Being a single parent is very difficult to manage whilst working and trying to provide for all of you in so many ways. Your children also have some special needs which requires more of your energy. I am not sure how long you have been in this situation either. Your children are possibly reacting to the situation and some play one parent up against the other. .
Just talking to other parents so that you can hear chaos is normal in all family homes. You are doing double the work.
You understand schedules. Prioritise what is most important as in eating, sleeping, some play, laughing, cuddles, school, friends. House stuff comes after this.
- Doctor or specialist who has diagnosed your children and asked for some helpful suggestions?
- Other parents of children they are at school with who might help with having them over briefly after school or for a short time on the weekend and then you return the favour when you have more energy?
- Do your children have any friends living with single parents or both separately? (You will be surprised at how many are.
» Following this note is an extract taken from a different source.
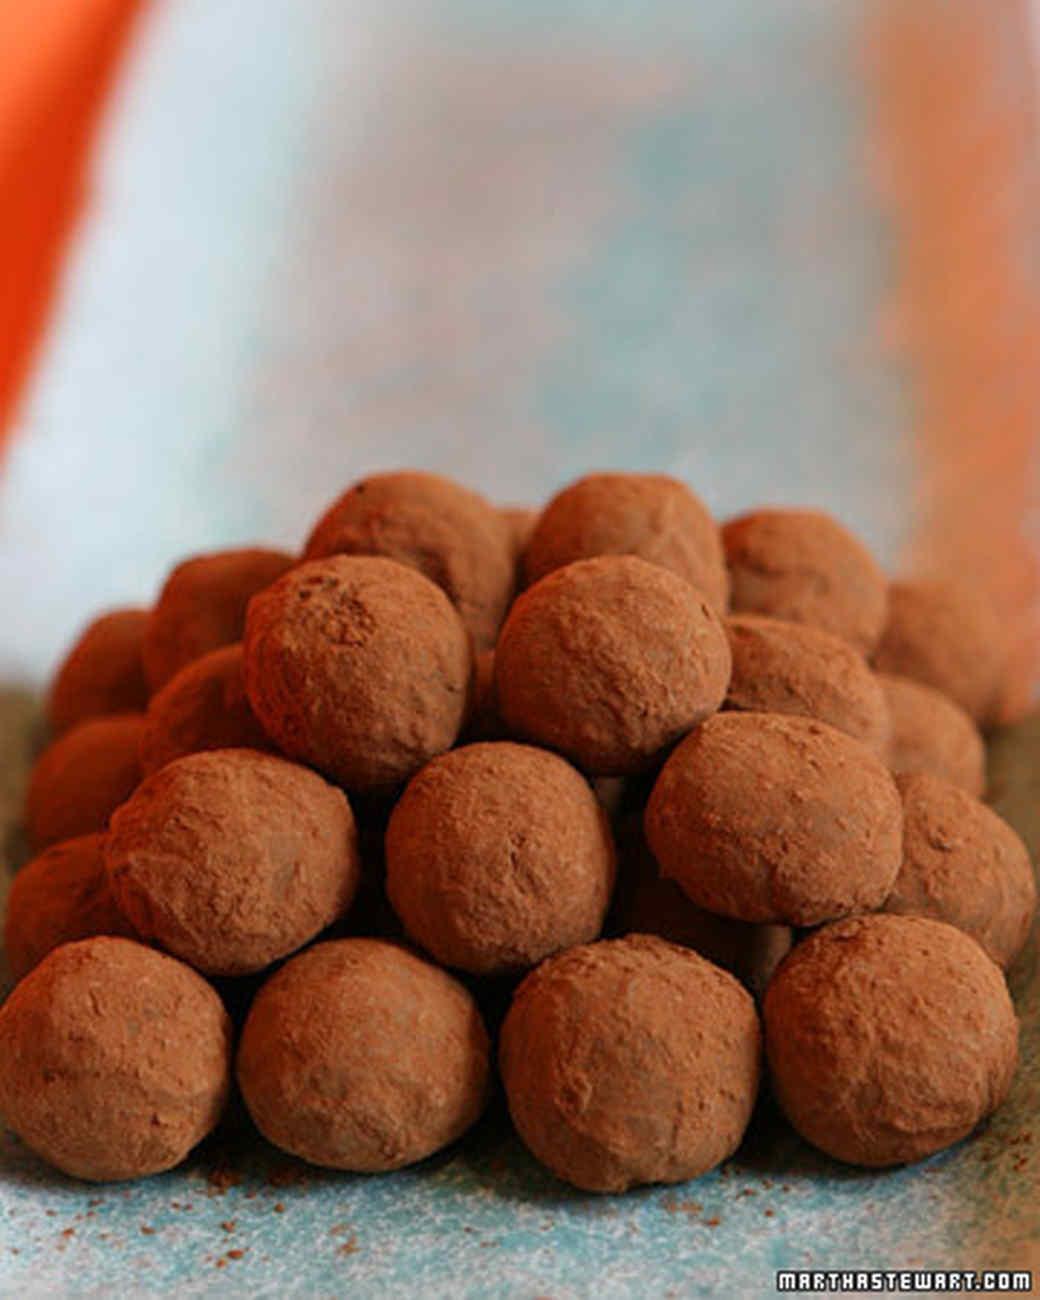 Chocolate Truffle Recipes | Martha Stewart

It might help for them to talk about the fact and also give them the idea to talk to those children) Some children only want to talk to other children not their parents about divorce as they worry that they might upset their parents.)
- Try to fit in cuddle time … on the floor is good…hold onto them for as long as they let you.. will help all of you. .not always easy to ask for a hug when stress is high
- Tell each other how you love them just as much, even more.
- Let them know that they did nothing wrong. Divorce happens.. Unhappy marriages are not good for anyone.
- Single parents are still families
- Read, read, read……fun books…..books about families divorced… School library?
- Draw together.. whatever. Let them draw what they want it might help them express their feelings. Nothing is right or wrong.
- Quiet times watching a calming children programme.
- Walks at beach or in parks, nature….very soothing
Sorry if I have gone on too much.
I want to let you know that you are already doing a wonderful job even if there is chaos and mess. You are in their world. That is what is important. You also know how to be brave and reach out. Keep on writing. You are taking measures to try and help yourself also.
I wonder if you called yourself dad rather than single dad might remind you that you are the same loving, dad as before your marriage ended.